Clarification on NVMeOF Target Offload Behavior

Dear NVIDIA and Mellanox Teams,

I have been actively conducting experiments with NVMe over Fabrics (NVMeOF), and thus far, the functionality has been meeting expectations. To monitor the IO flow, I have been utilizing iostat -t 1 on both the target and host systems.

Recently, I followed a guide to enable target offload, which I’m pleased to report was successful. Upon observation, I noticed minimal target CPU overhead when the host is engaged in IO operations over NVMeOF. However, I encountered a curious observation: while the host system displayed IO activity as expected, the target side did not reflect any IO activity when monitored using iostat -t 1. I seek clarification regarding this behavior. Is it indeed the case that the target CPU is not involved in IO operations at all?

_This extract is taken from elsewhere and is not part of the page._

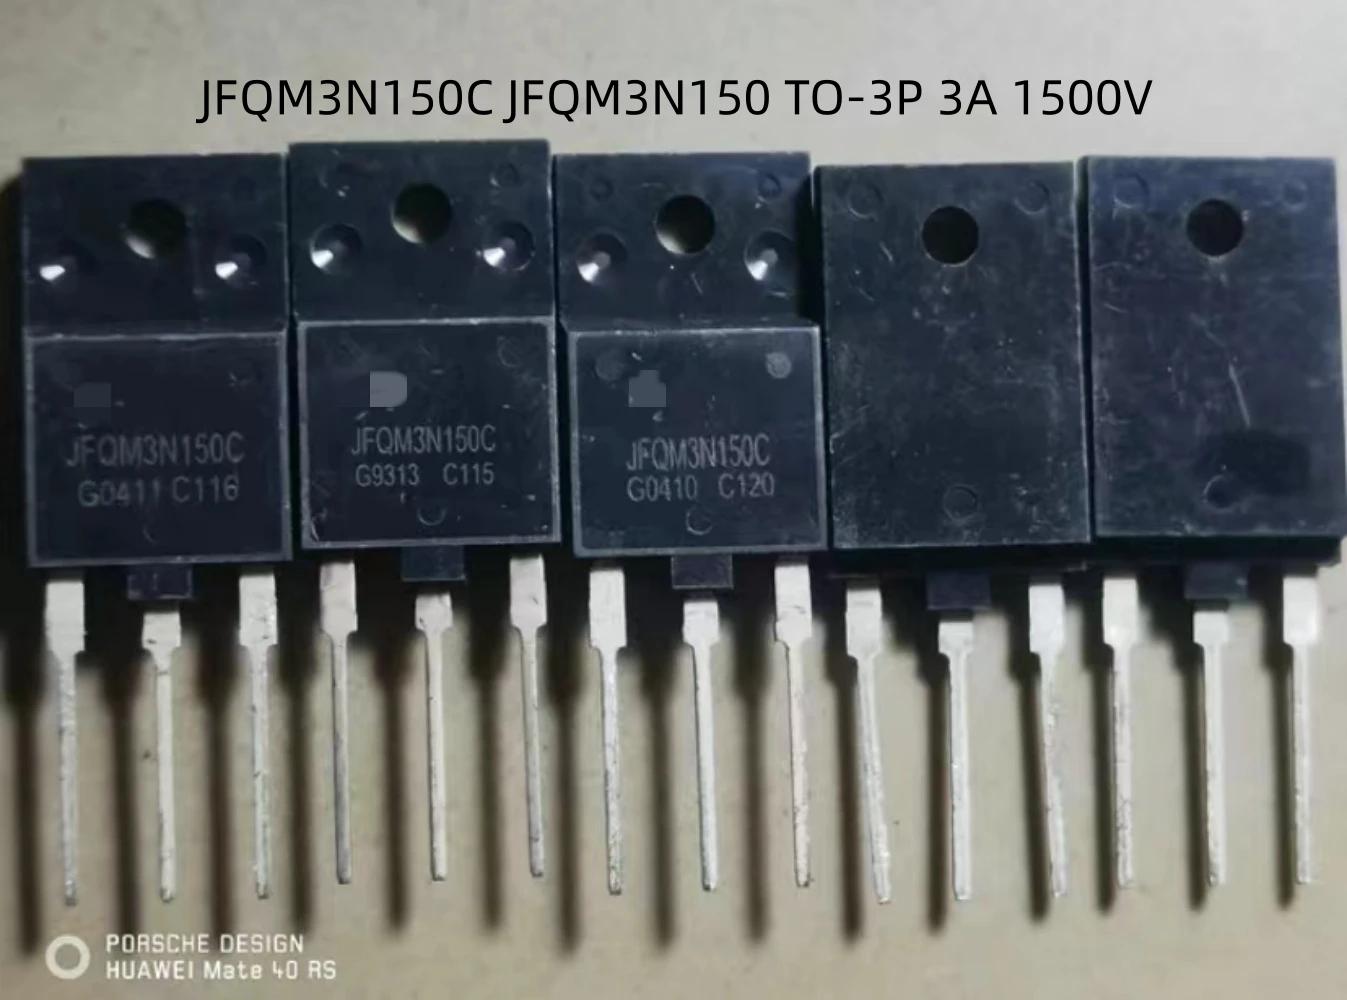 JFQM3N150C JFQM3N150 TO-3P 3A 1500V
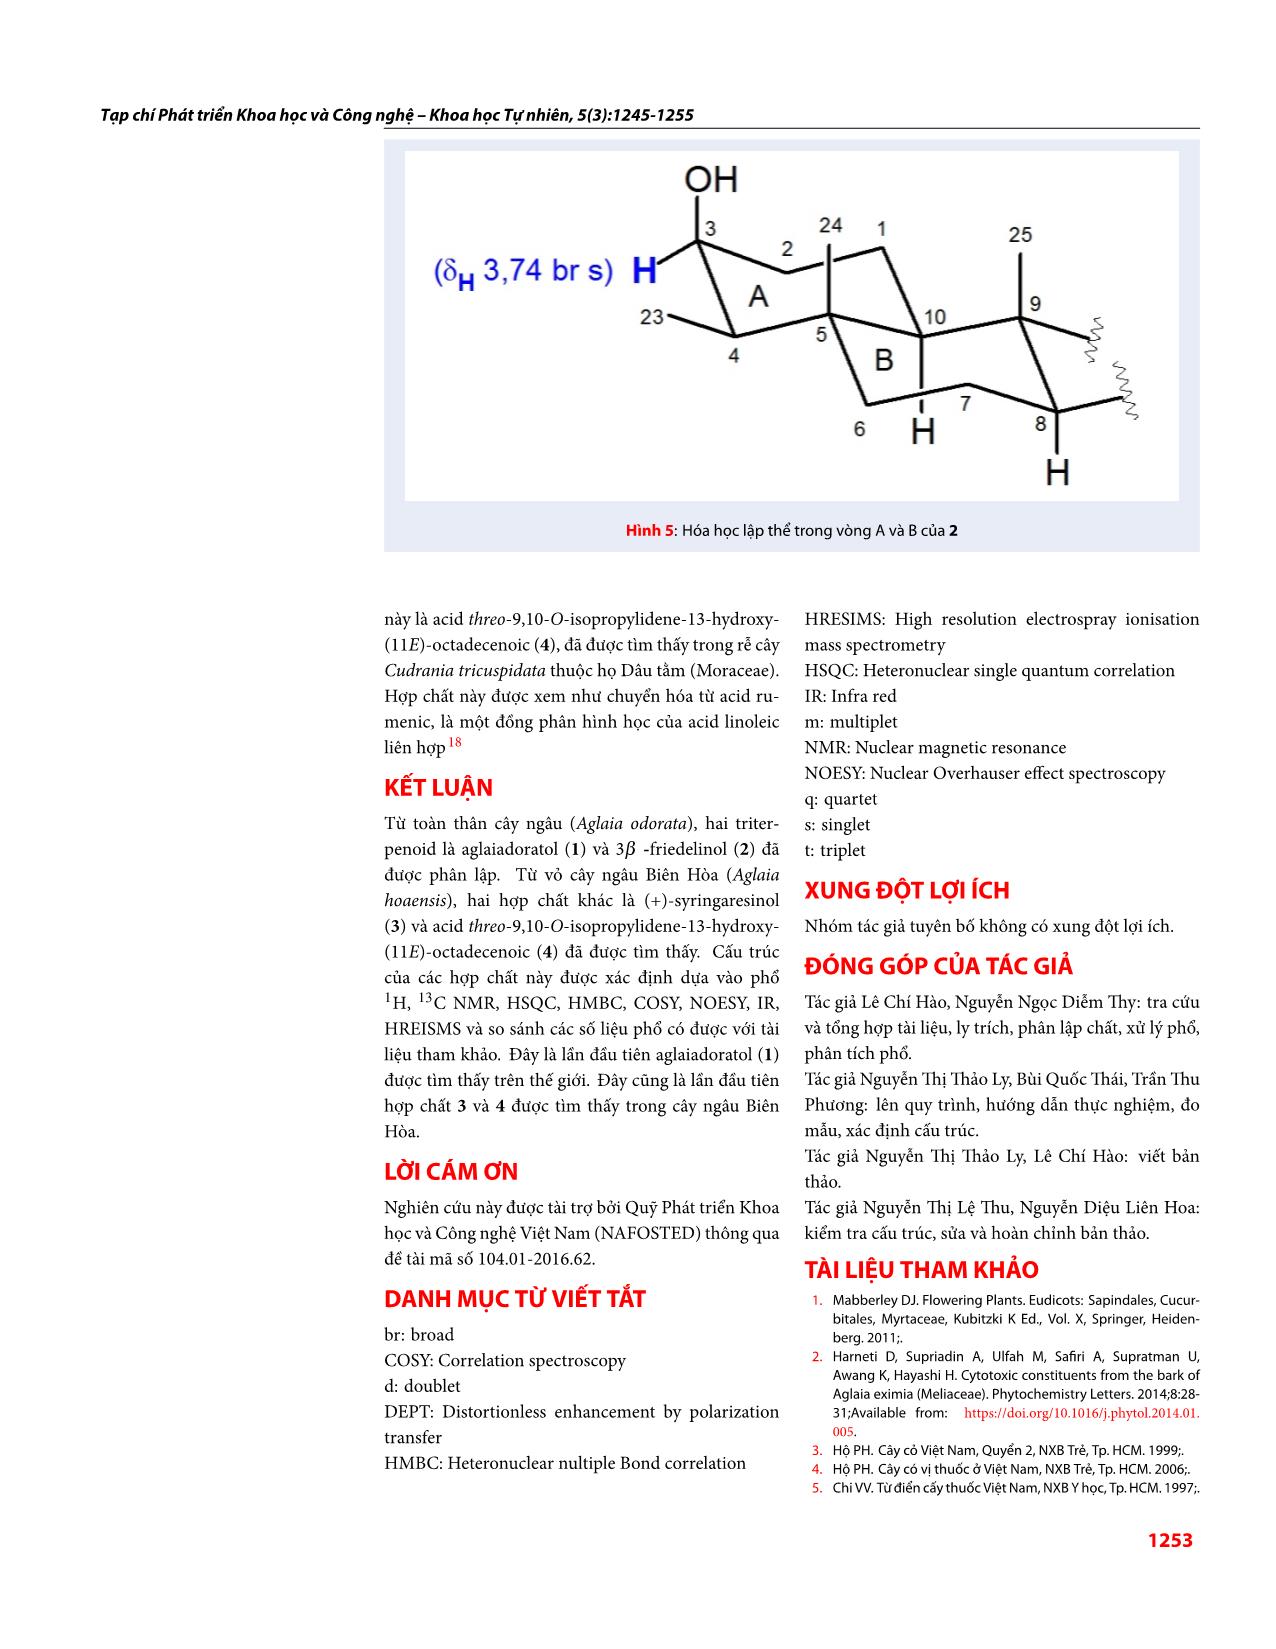 Thành phần hóa học của cây ngâu (Aglaia odorata) và ngâu Biên Hòa (Aglaia hoaensis) trang 9

Furthermore, I would like to inquire about the possibility of NVMe-OF Target Offload with Multiple NVMe Devices. According to the guide and previous information, it seemed not possible. However, I have managed to set up multiple SSDs at the target side and allow the host to connect to those SSDs. For sure, the bandwidth is aggregated and within the capacity of the one port. Is there any update on this matter?

I would greatly appreciate any insights or explanations you can provide regarding these queries.

I do not have an explanation for iostat though, the CPUs on the target side should reflect as well minimal CPUs overhead.
I would check with top or htop.
You can also use our mlnx_perf -i (utility provided from our MLNX drivers) to check RX/TX activities.
The limitation for Nvme-OF target offload is non longer accurate (IE: Currently, an offloaded subsystem can be associated with only one namespace=no longer applicable).

1 Like

Hi Spruitt,

Thank you for your prompt response and confirmation. I would appreciate further clarification on the recent updates regarding target offload. Specifically, I’m interested in understanding the current mapping of NVMe devices, subsystems, namespaces, and offload ports. Currently, I’ve managed to map multiple NVMe SSDs with target offload enabled to my ConnectX-5, which has only one physical port. My approach involves assigning each NVMe device its own subsystem and namespace. I’ve use that all NVMe SSDs share the same IB connection IP since my ConnectX-5 has only one port. Then my understanding is those NVMe SSD “share” the target offload capacity (IOPS & Bandwidth) of the ConnectX-5. Is this understanding correct?

Regarding the iostat issue, it seems to indicate that the target kernel is being bypassed, resulting in no observed I/O traffic (although PCIe traffic is detected for sure). Additionally, I’ve noticed minimal CPU utilization at the target side, as observed through tools like htop or perf top.